Buradasınız
Sağlıkta Dönüşüm Sağlığımızı Bozdu
Gebze’den işsiz bir kadın işçi

İşsiz olduğum için gelir tespiti için başvurmak zorundaydım. Ne tür evraklar hazırlamam gerektiğini öğrenmek için, daha önce gelir testine başvurmuş bir arkadaşımı aradım. Önce muhtara gitmem ve FORM-5 kâğıdı almam gerektiğini, hanede kaç kişi varsa onların kimlik fotokopilerini çektirmemi söyledi.
İşkence başlıyordu. Muhtara gittim. Muhtar, hanede kaç kişi olduğumuzu, evin kime ait olduğunu, evin kaçıncı katında oturduğumu sordu. Sorularını yanıtladıktan sonra FORM-5 kâğıdını 5 lira karşılığında aldım. Aynı evde yaşayan aile fertlerinin kimlik fotokopilerini çektirerek, oturduğum eve yakın olan Sosyal Yardımlaşma ve Dayanışma Vakfı’na gittim. Vakfa gittiğimde oradaki görevli benden “Genel Sağlık Sigortası Başvuru Formu” istedi. Ben tesadüfen bir tane buldum ama sırada bekleyen yüzlerce insan vardı. “Bu formu nereden alıyoruz?” diye sorduğumuzda “bitti” diyorlardı. Üstelik bu uygulama çok yeni olduğu halde insanlara yardımcı olacak bir danışman yoktu. Herkes birbirine soruyor, kimse ne yapacağını bilemiyordu. Şansa bak ki binanın karşı tarafında arzuhâlciler varmış, oradan 1 lira karşılığında form alabiliyormuşuz! Üstelik bu formu, arzuhâlciler 4 lira karşılığında dolduruyorlarmış! Sıra formu cevaplamaya gelmişti. Dikkatle okumaya başladım.
- 2022 Özürlü ve yaşlılık maaşı alanların başvurmalarına gerek yoktur.
- 3 ayda bir 65 yaş üstü yaşlılık maaşı alanların başvurmasına gerek yoktur.

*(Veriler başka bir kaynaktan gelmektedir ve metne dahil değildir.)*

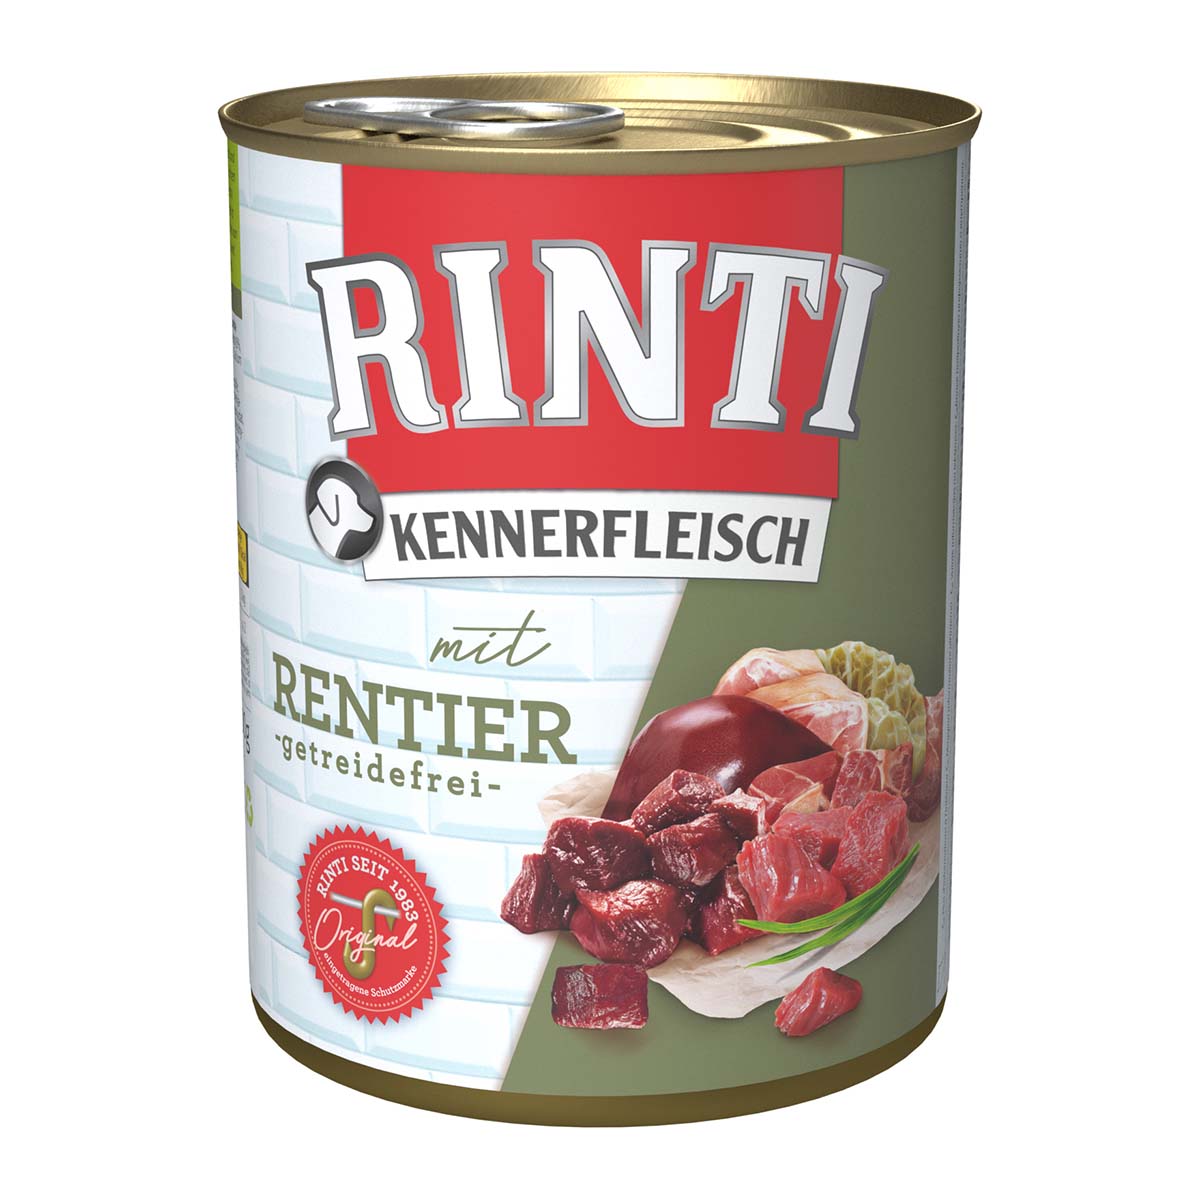 Rinti Kennerfleisch mit Rentier 12x800g
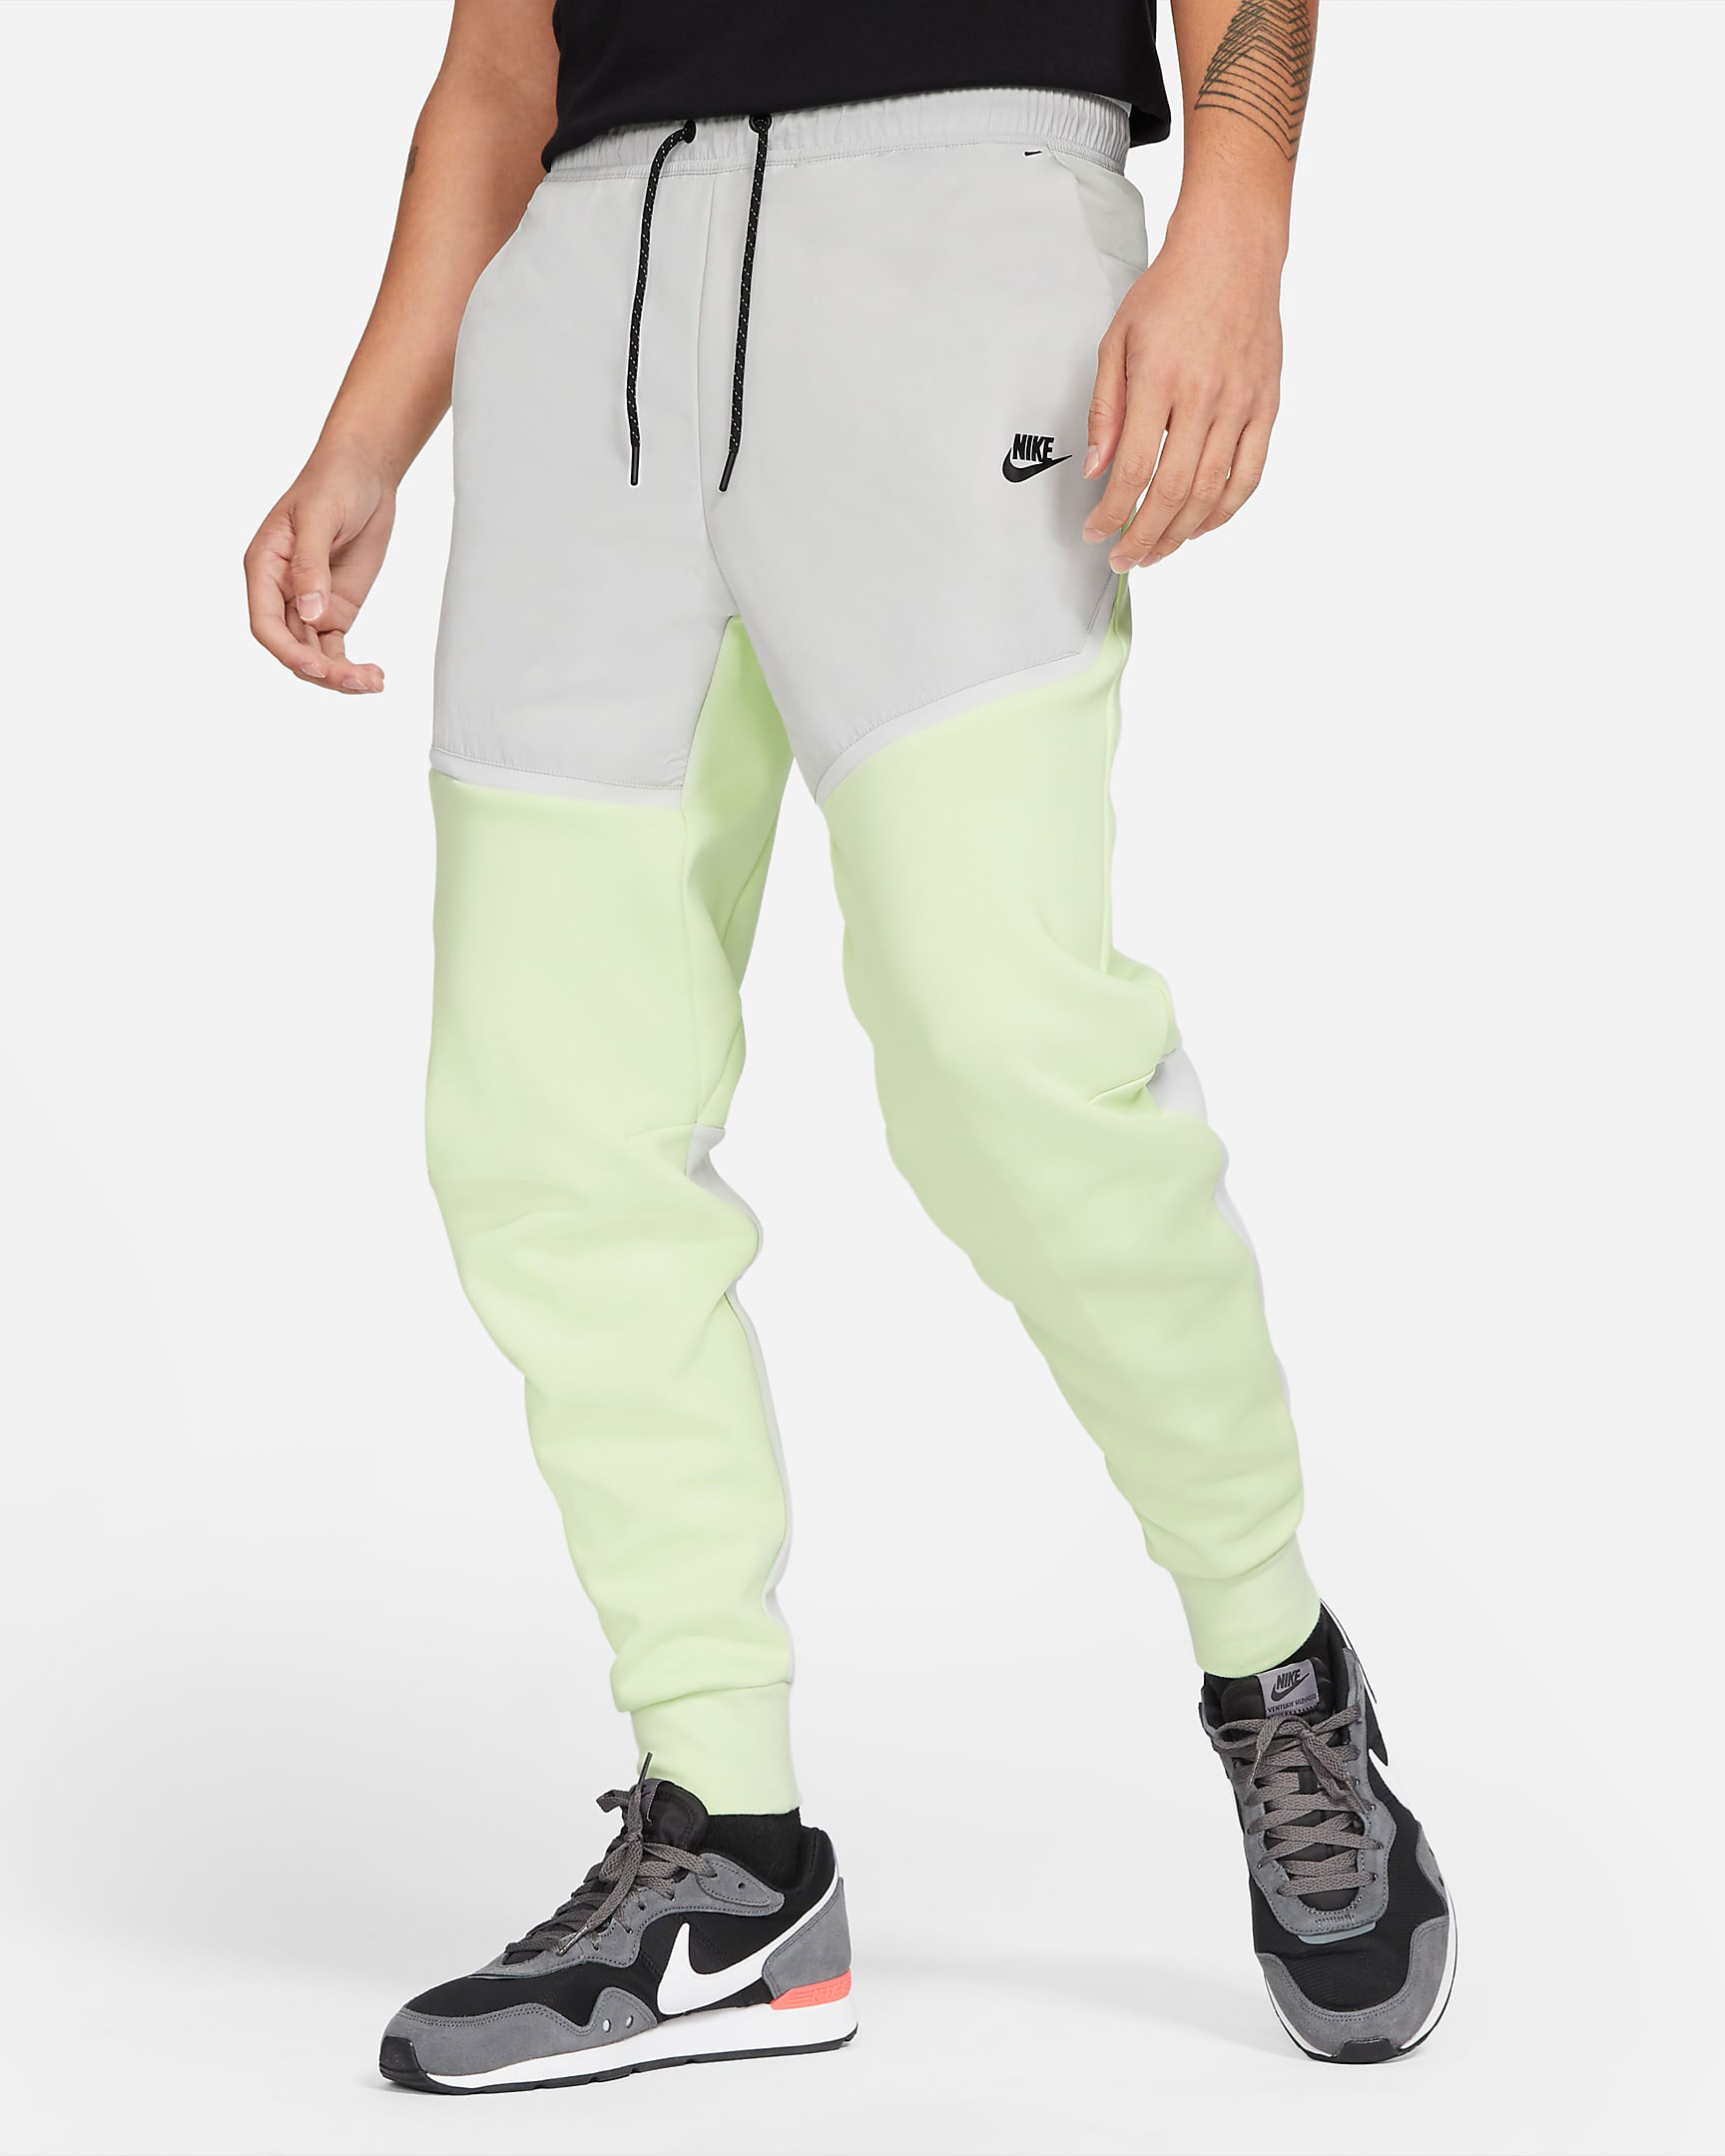 nike-sportswear-light-liquid-lime-grey-tech-fleece-joggers-1

- Yeşil kartının vizesi dolmamış olanların başvurmasına gerek yoktur.
- 25 yaşından küçük kız çocukları eğer babalarının sağlık güvencesinden faydalanıyorsa başvurmalarına gerek yoktur.
- 25 yaşından küçük üniversite öğrencilerinin babalarının güvencesinden faydalanmaları halinde 25 yaşından gün alana kadar başvurmalarına gerek yoktur.
Formu doldurmaya başladım. Başvuracak kişinin adı, soyadı, TC kimlik numarası, cep telefonu gibi bilgiler için doldurulacak yığınla kutucuk var:
Oturduğunuz konutun türü: 1- Gecekondu, 2- Apartman Dairesi, 3- Bodrum Kat
Oturduğunuz evin mülkiyeti: 1- Kendi evimiz, 2- Kira ödemeden kullanıyoruz, 3- Kira
Evinizin kirası ne kadardır?
Eviniz kaç odalıdır?
Evinizin ısınma şekli nedir? 1- Soba, 2- Kombi doğalgaz, 3- Elektrikli
Hanenin toplam aylık geliri nedir? (Hanenin çalışan, emekli maaşı, kira geliri vs, hepsini toplam yazınız)
Kaç yıldır bu evde oturuyorsunuz?
Hanede kronik hastalığı olan veya özürlülerin isimlerini yazınız: 1- Adı soyadı 2- Rahatsızlığı
Hanede çalışan kişileri ve nerede çalıştıklarını yazınız. 1- Adı soyadı 2- Çalıştığı yer
Yıllık ortalama gıda gideriniz kaç TL’dir?
Yıllık ortalama giyim gideriniz kaç TL’dir?
Yıllık ortalama yakacak gideriniz kaç TL’dir?
Yıllık ortalama su-elektrik-gaz gideriniz kaç TL’dir?
Borcunuz veya taksitiniz varsa yazınız: 1- Nereye? 2- Ne kadar? 3- Ne için?
Bu soruları cevaplarken insan içinden “o kadar da değil” diyor. Soruları cevaplarken “size ne” diye haykırmak istiyorsunuz. Bu formla “beni sorgulamanıza, evime gelmenize, yoksul olup olmadığıma karar vermek için eşyalarımı kurcalamanıza izin veriyorum” demek zorundasınız! İmzalamazsanız işleminiz yapılmıyor, sağlık hizmetlerinden yararlanamıyorsunuz. Ceza olarak en yüksek primi, yani 212 lirayı ödemek zorunda kalıyorsunuz.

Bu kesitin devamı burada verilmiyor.